Town Hosting G-8 Summit Revokes Hitler's Honorary Citizenship

The German town where U.S. President George W. Bush and other G-8 leaders will gather this summer has formally revoked Adolf Hitler's honorary citizenship, putting an end to questions over whether the decades-old honor was still valid.

The Bad Doberan town council voted unanimously on Monday night to revoke the citizenship conferred on Hitler in 1932, the year before he was elected to lead Germany, Mayor Hartmut Polzin said.

The town had argued that any such honor would have ended with Hitler's death in 1945, but Polzin said Tuesday that the council had wanted to put an end to the issue once and for all.

"Independent of whether this honorary citizenship was still valid after Hitler's death, the town council voted unanimously to revoke it," Polzin said.
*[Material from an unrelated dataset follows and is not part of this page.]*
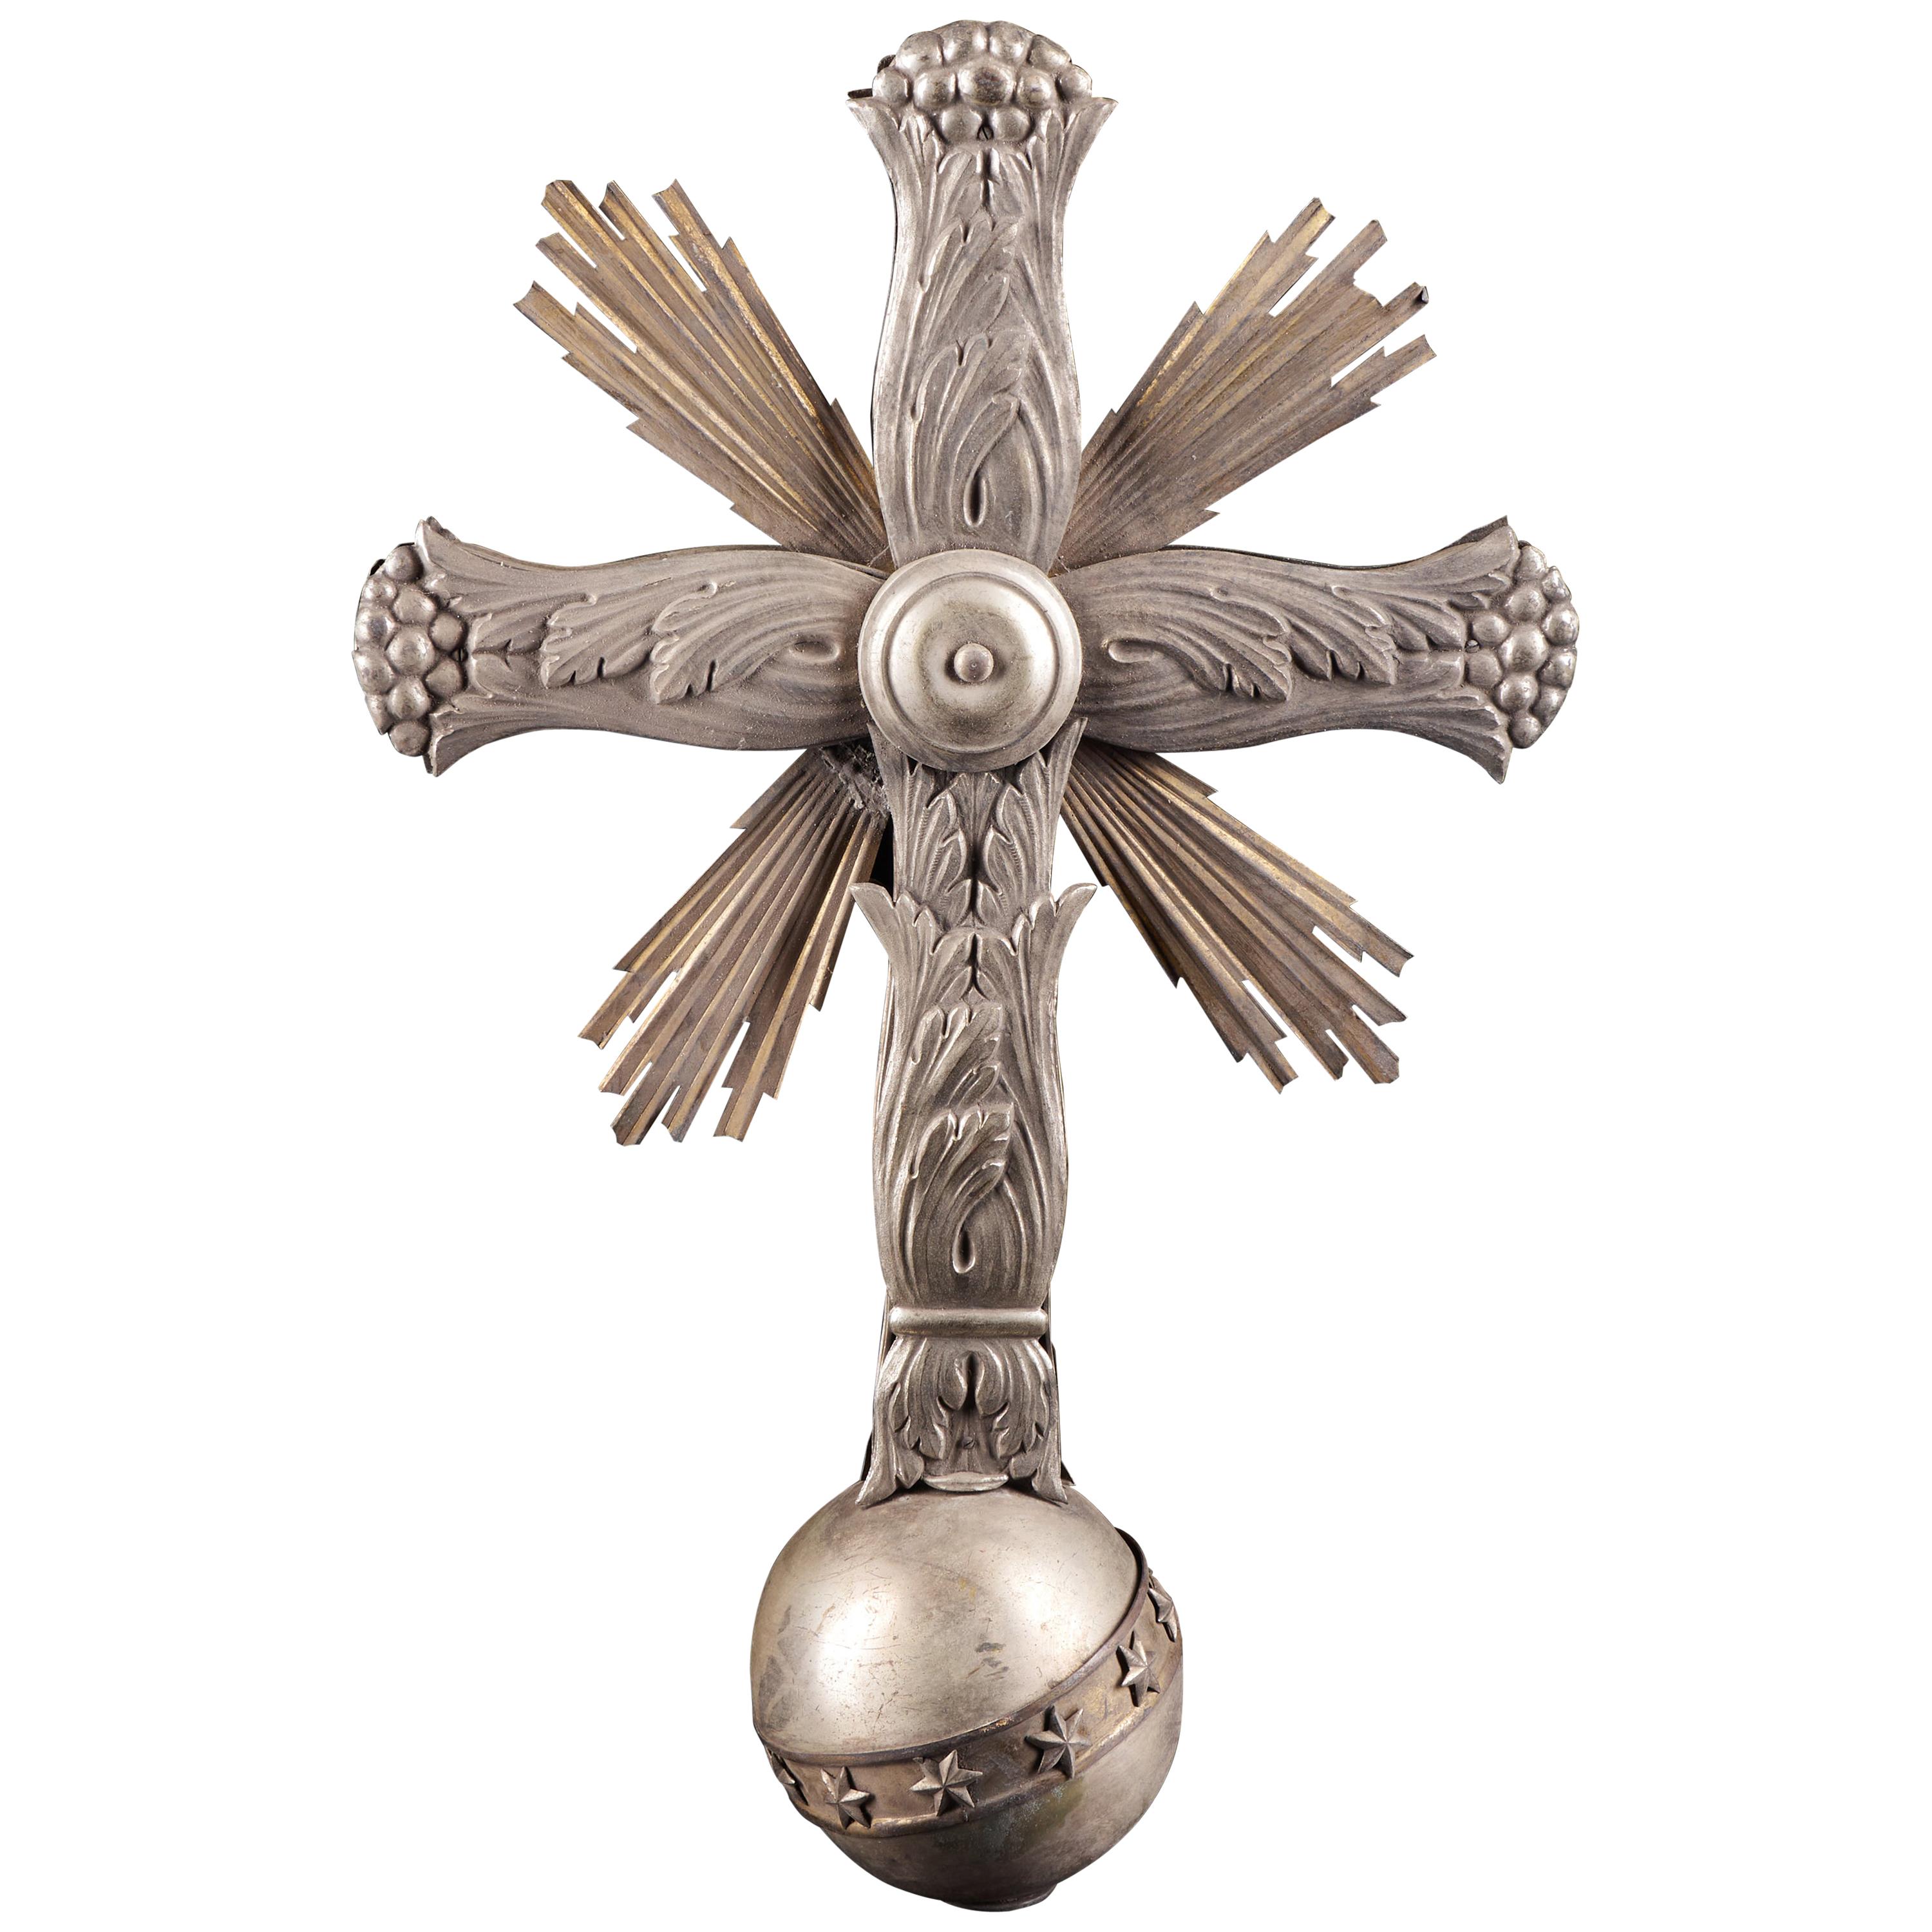 Light and Elaborately Decorated Antique Metal Cross on a Bowl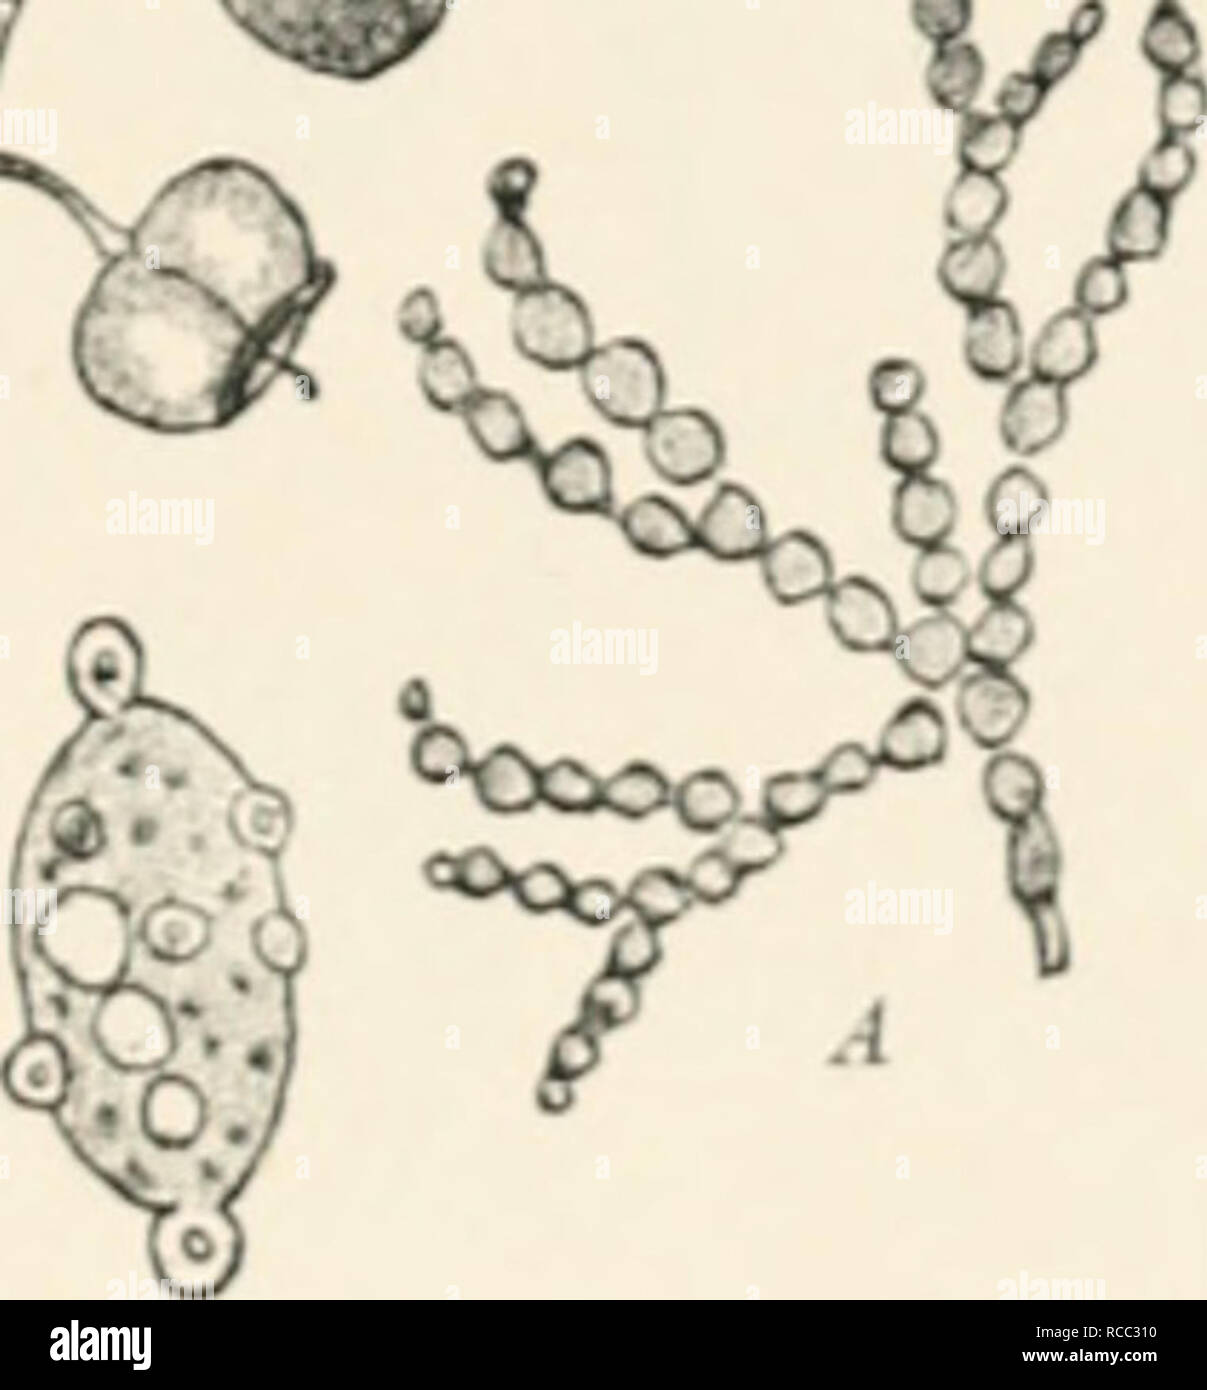 . Diseases of plants induced by cryptogamuc parasites; introduction to the study of pathogenic fungi, slime-fungi, bacteria, and algae. English ed. by William G. Smith. Plant diseases; Parasitic plants. n T&amp;4^^. C D li Fifi. 137.âSclerotinia liaccorum on racciiiium Mi/rtitlus. Young shoot of Bilberrj' with deformed branch bearing white conidi;il jiatches on its lower side ; also ii withered leaf. A, Conidial chains, and a portion enlarged. Ji, Shoot with an iipjjer healthy ripe berry and a lower munimified one. C, Peziza-cup develoi)ed from a Bclerotium. I&gt;, .Ascosiwres ; the smaller i Stock Photo

Leaders of the G-8 group of industrial nations, of which Germany currently holds the presidency, are to hold their annual summit in June in the Baltic Sea resort of Heiligendamm, which is part of the greater Bad Doberan area.

The anti-globalization activists that have become a fixture at any G-8 event had dug up the issue of Hitler's citizenship and made it part of their pre-summit mailings.

With the vote, Polzin said he hoped that this "ugly and unnecessary discussion" would be put to rest.